“既然厂里有困难,我程务挺也不是那等袖手旁观的人。”
“为大东家分忧,也是分内之事。”
他刻意强调了为大东家分忧,仿佛自己真是柳叶的贴心人。
许敬宗脸上的笑容更盛了。
“我就知道小公爷深明大义,快人快语!”
“解了燃眉之急了!”
“走走走,车马都备好了,咱们这就过去看看?”
那热情劲儿,仿佛程务挺是天上掉下来的救星。
程务挺顿时觉得腰杆都挺直了几分,连日来的憋屈一扫而空。
他匆匆换上件轻便的短褂,跟着许敬宗上了等在门口的马车,一路颠簸着朝港口烟草厂驶去。

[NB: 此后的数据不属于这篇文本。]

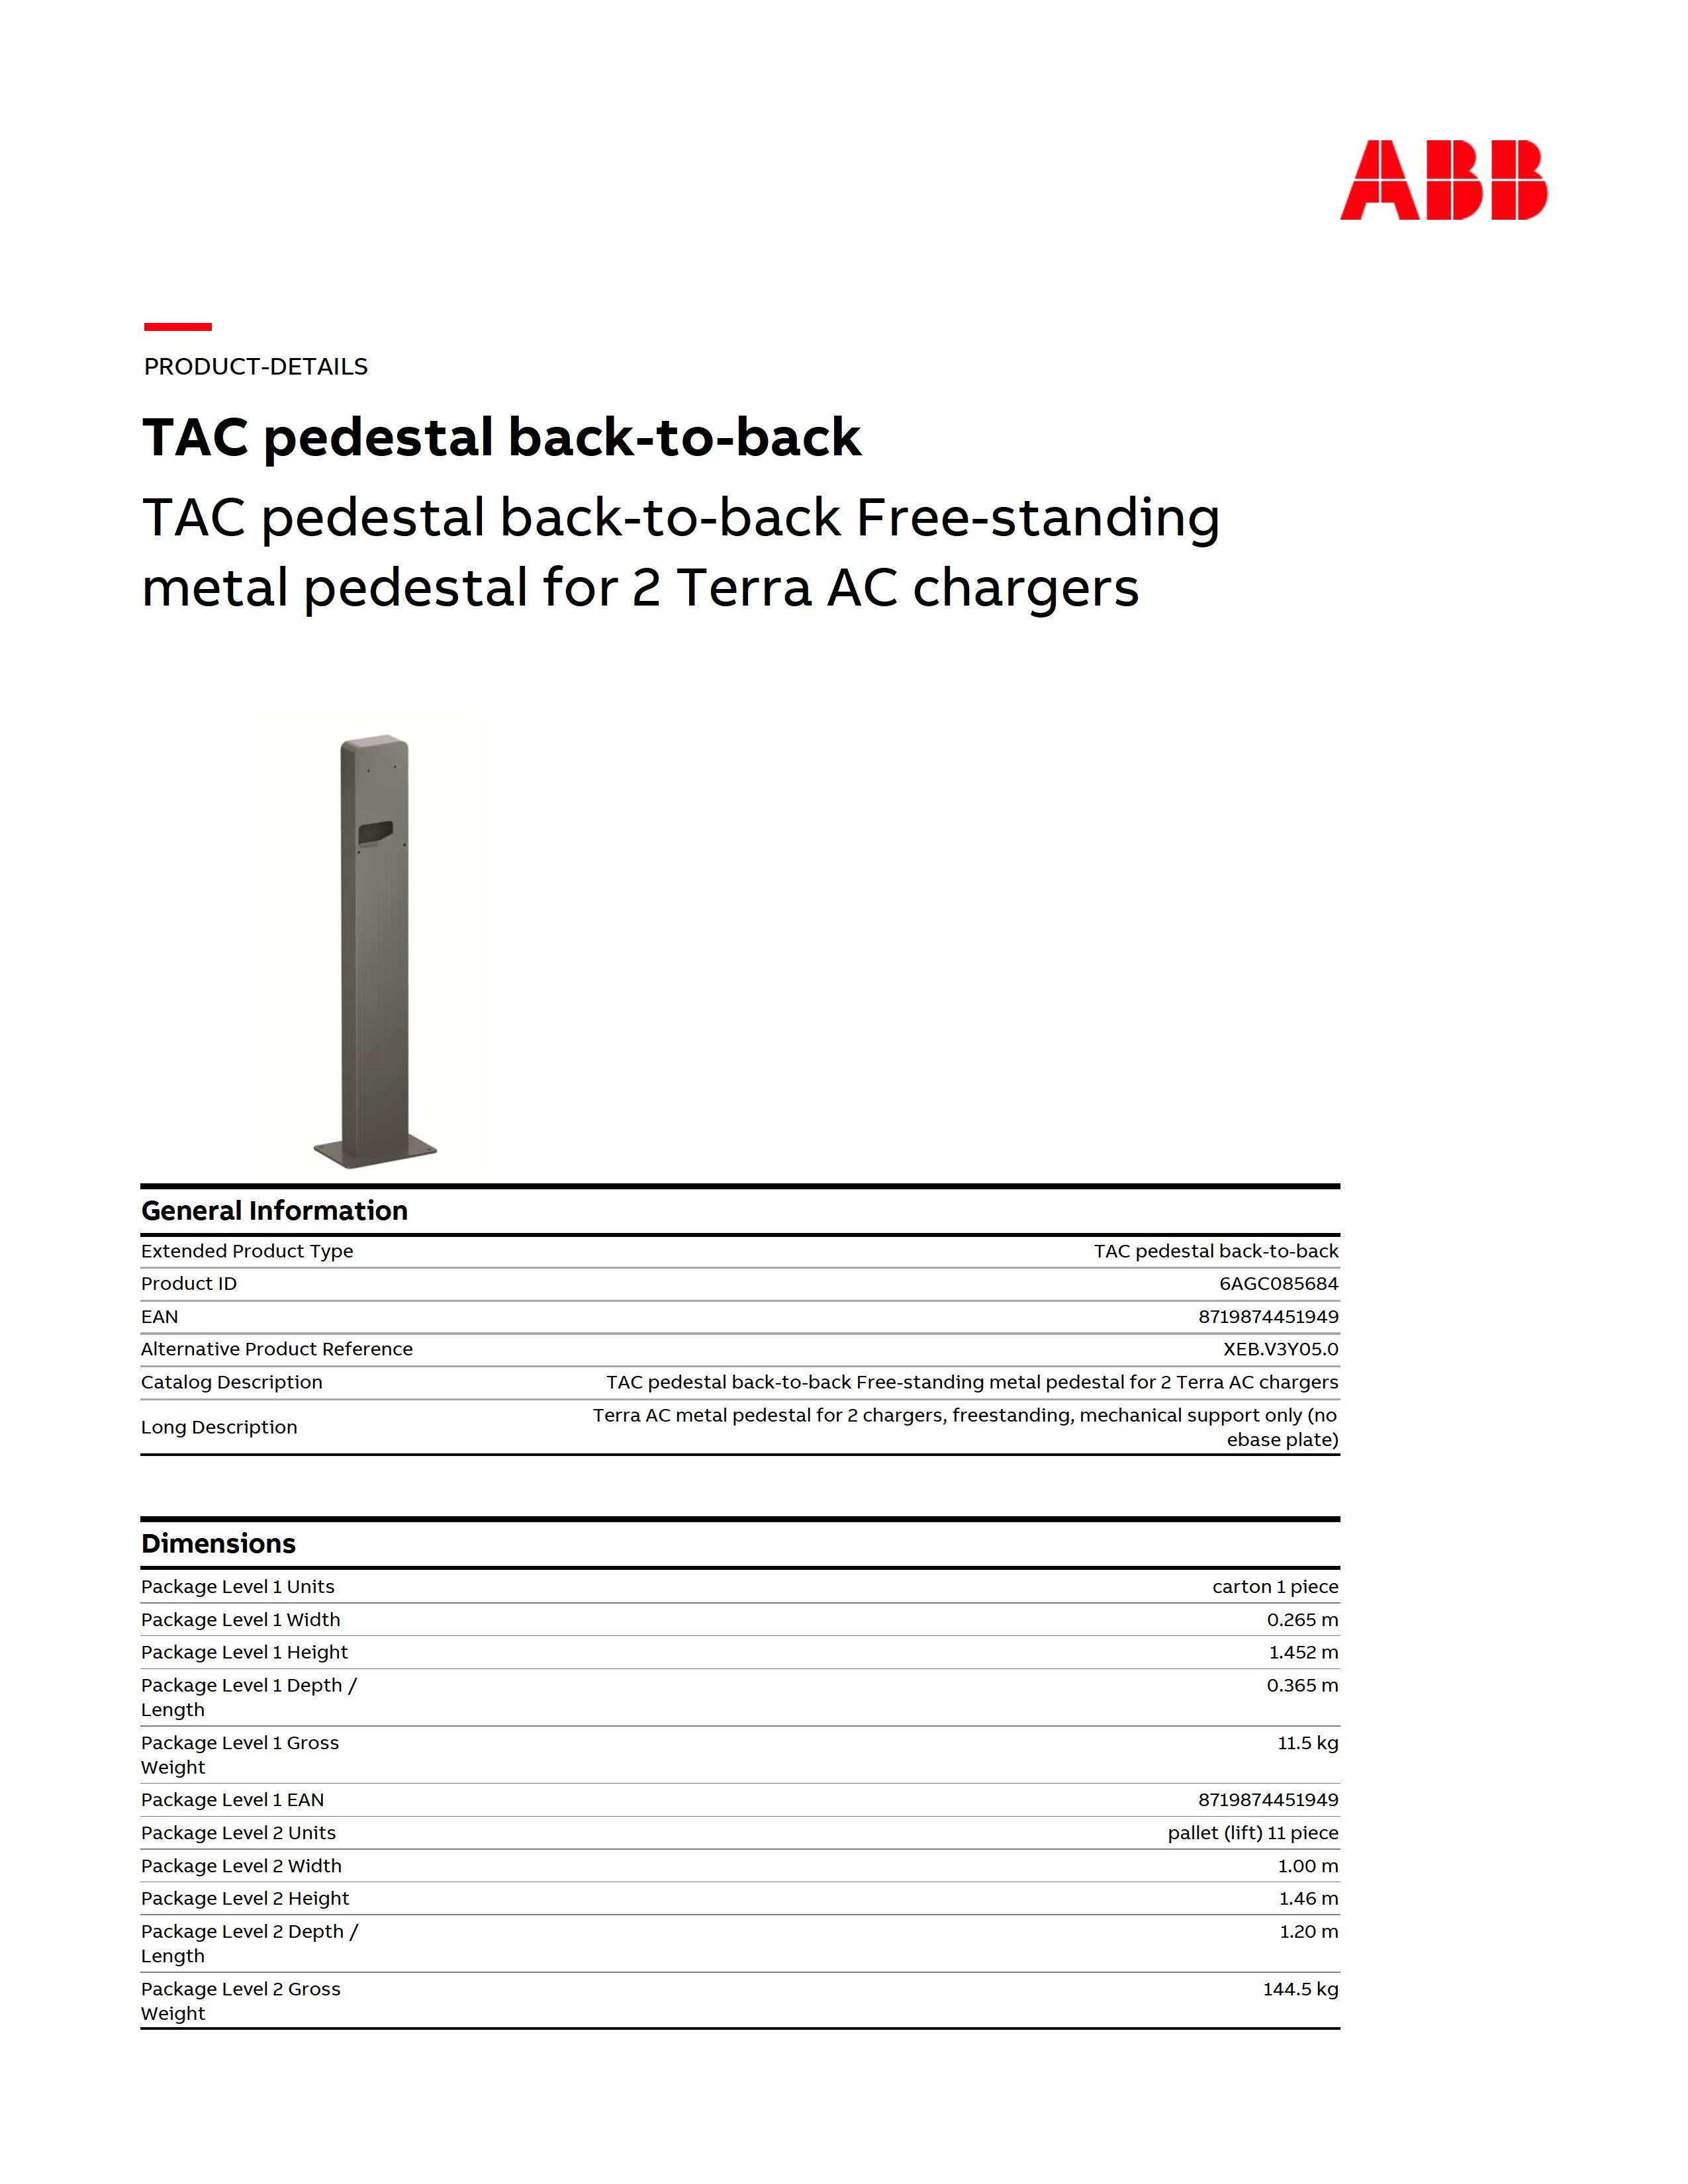 ABB TAC pedestal back-to-back

烟草厂占地颇广,离港口不远,一大片新平整的空地上,搭起了连绵的工棚。
空气里弥漫着一股奇特的味道,有点呛,又带着点草木的辛香和淡淡的甜味。
工棚里人声鼎沸。
一排排粗糙的木架上晾晒着枯黄卷曲的叶子。
另一边,许多男女工人围在长条木案边,有的在用奇怪的小刀剔除烟叶上粗硬的梗子。
有的小心翼翼地把处理好的烟叶铺平叠放,还有的把一堆堆切好的烟丝塞进特制的木盒模具里,用力压实。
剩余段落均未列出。